TASK STATEMENT - From the first line to the last, restate the material word for word; pictures stay out.

THE RECORDS -
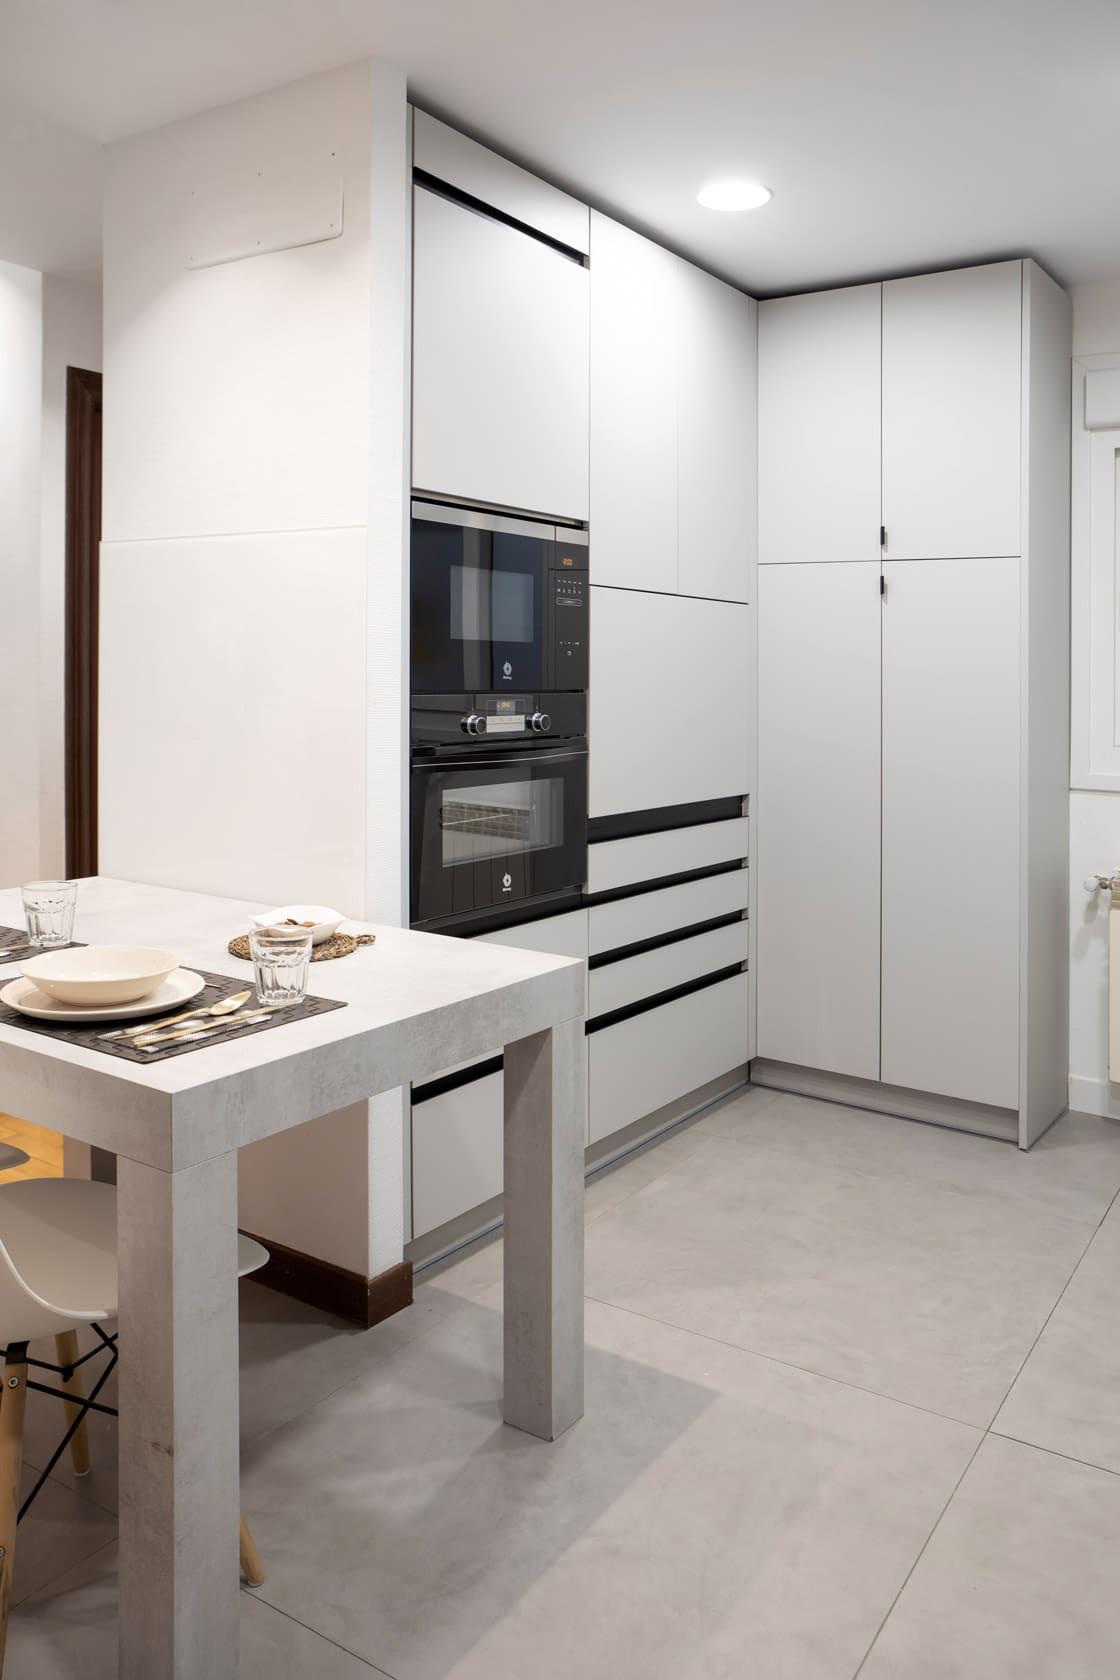 cocina-2-diseno-de-interiores-reforma-vivienda-estudio-marlo
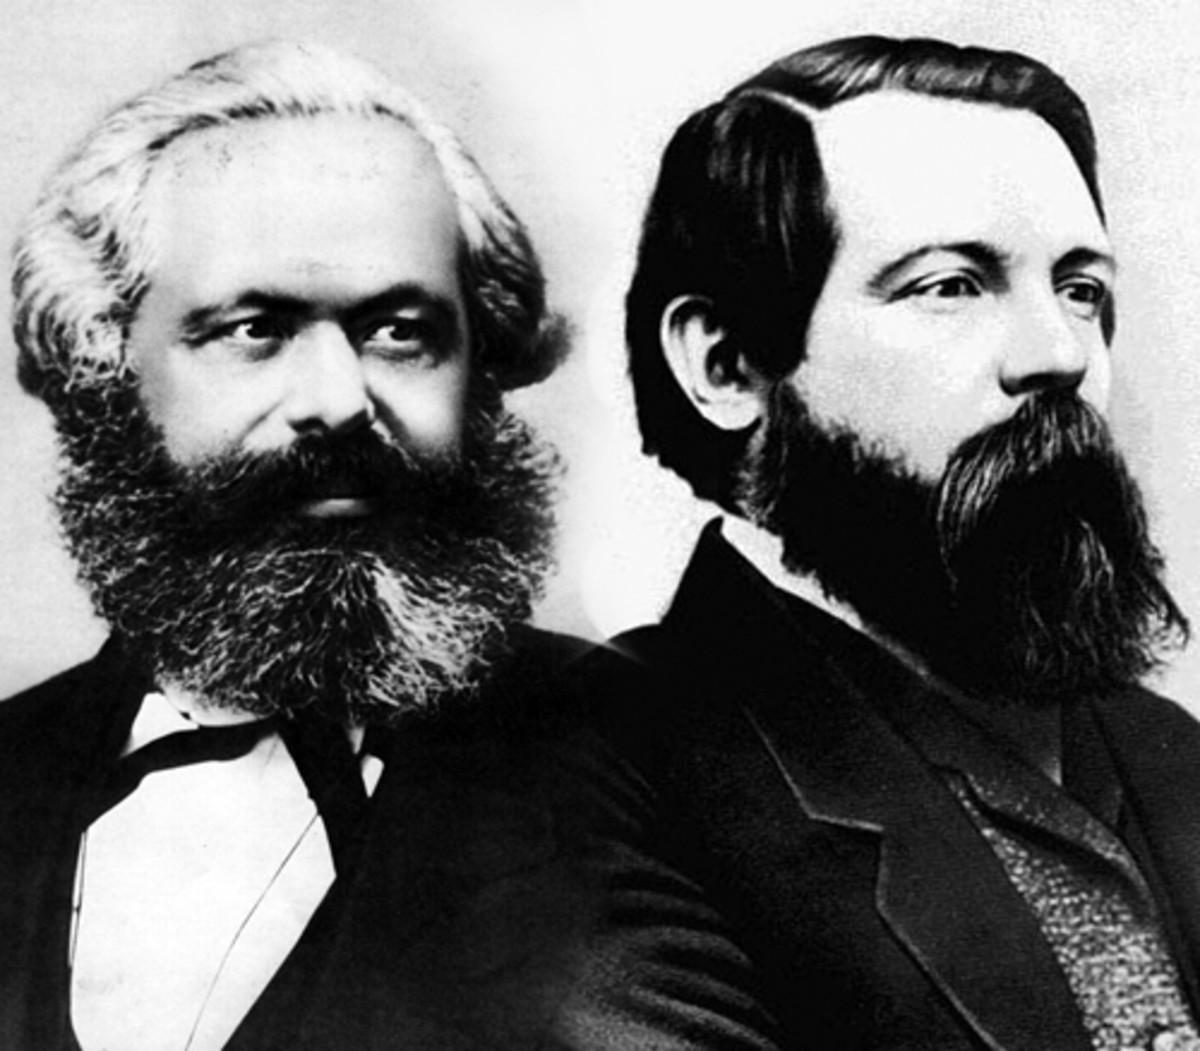 Karl Marx and Freidrich Engels.
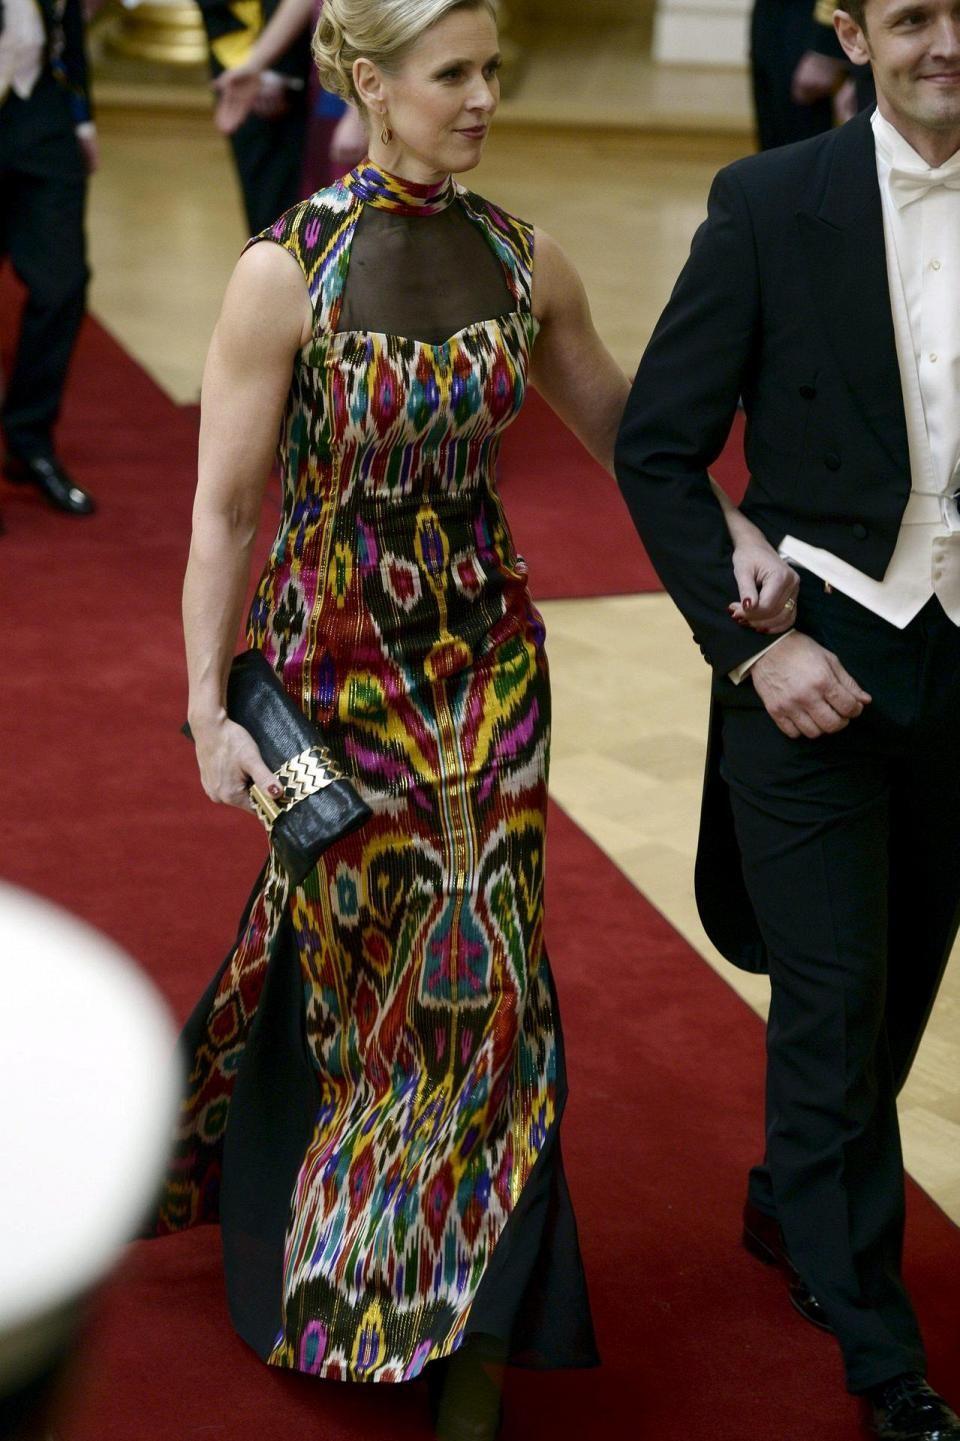 Kokoomuksen kansanedustajan Sinuhe Wallinheimon puoliso Kaisa Wallinheimo edusti näyttävästä silkkikankaasta valmistetussa puvussa.
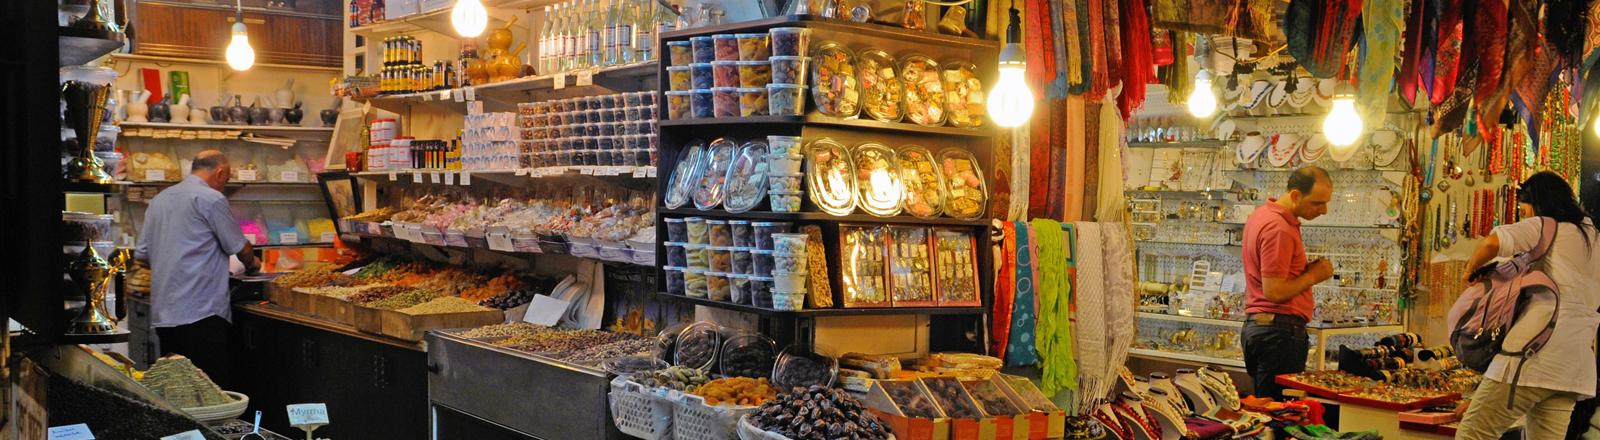 Geschäfte in der Altstadt von Jerusalem.
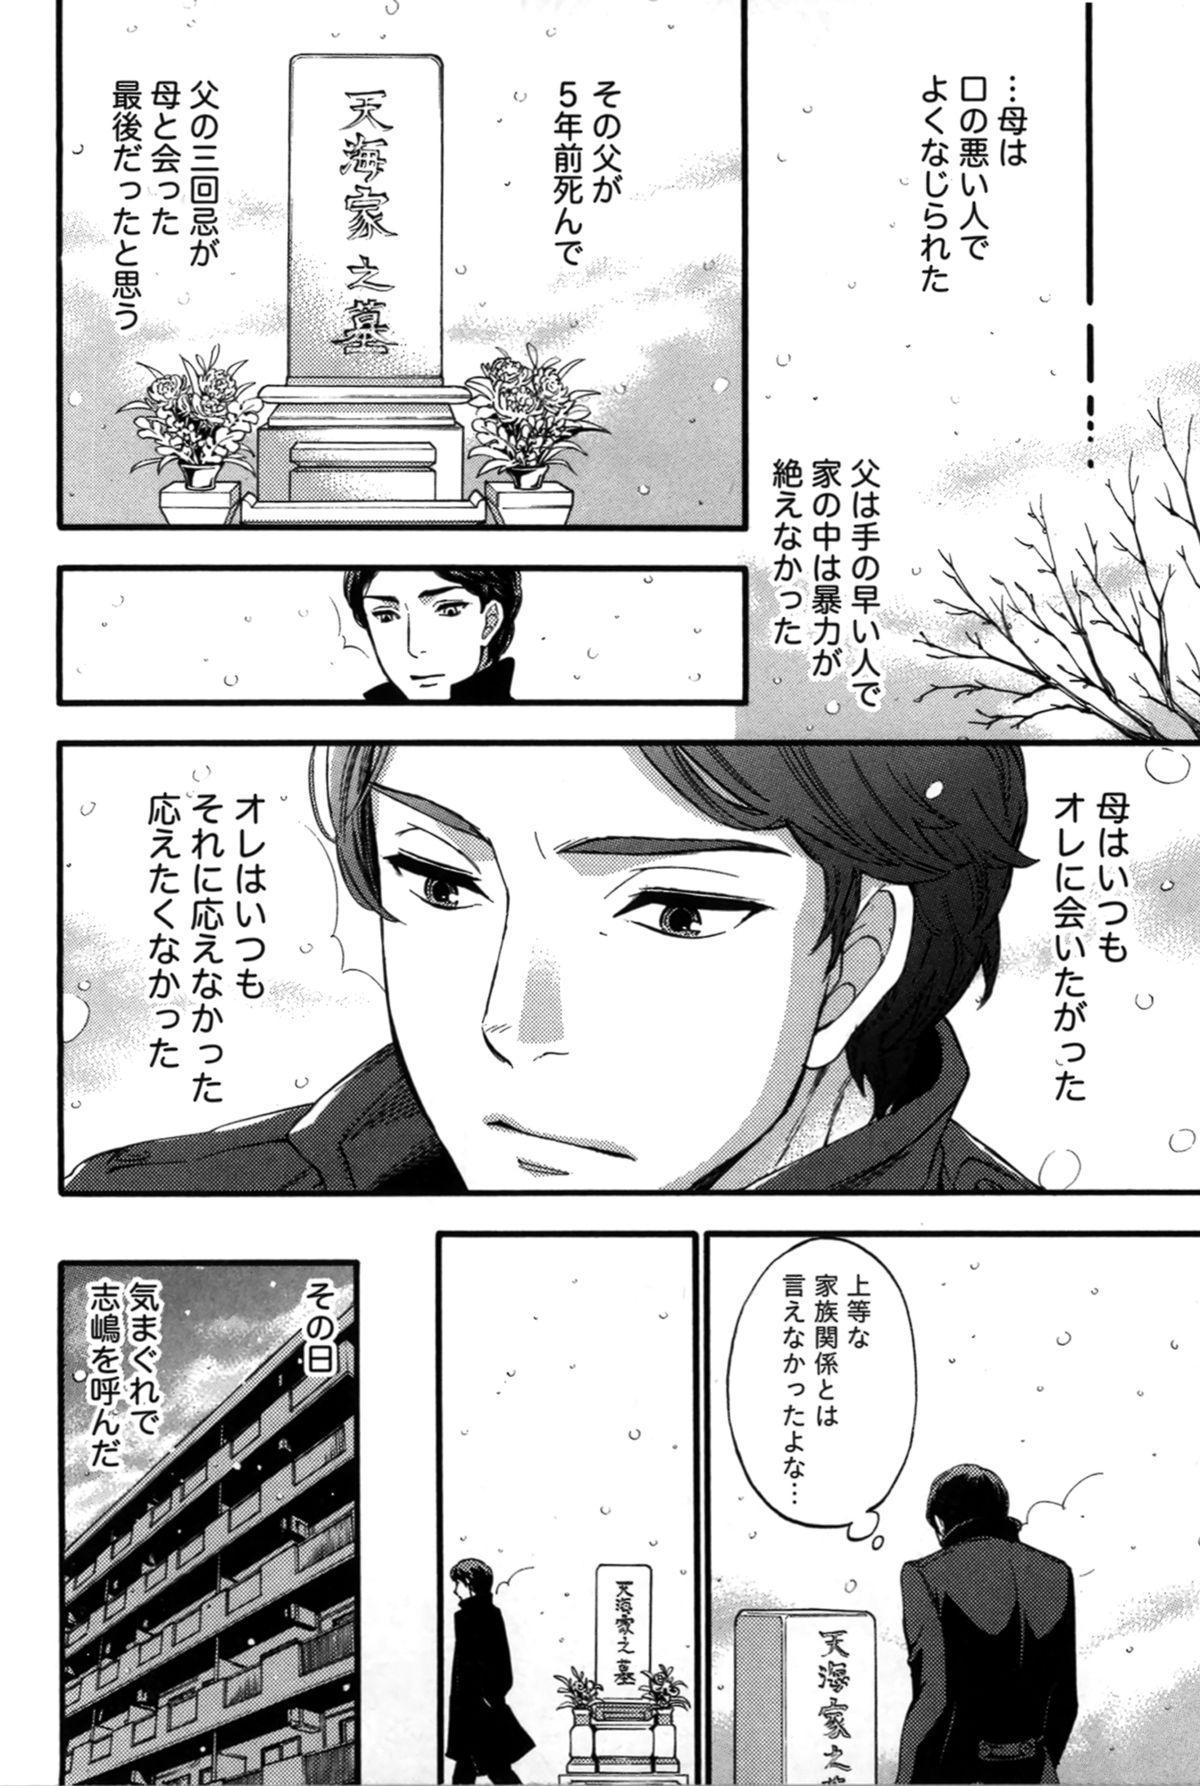 Anata to Watashi wa Warukunai 132

RESPONSE AREA -
 cocina-2-diseno-de-interiores-reforma-vivienda-estudio-marlo
 Karl Marx and Freidrich Engels.
 Kokoomuksen kansanedustajan Sinuhe Wallinheimon puoliso Kaisa Wallinheimo edusti näyttävästä silkkikankaasta valmistetussa puvussa.
 Geschäfte in der Altstadt von Jerusalem.
 Anata to Watashi wa Warukunai 132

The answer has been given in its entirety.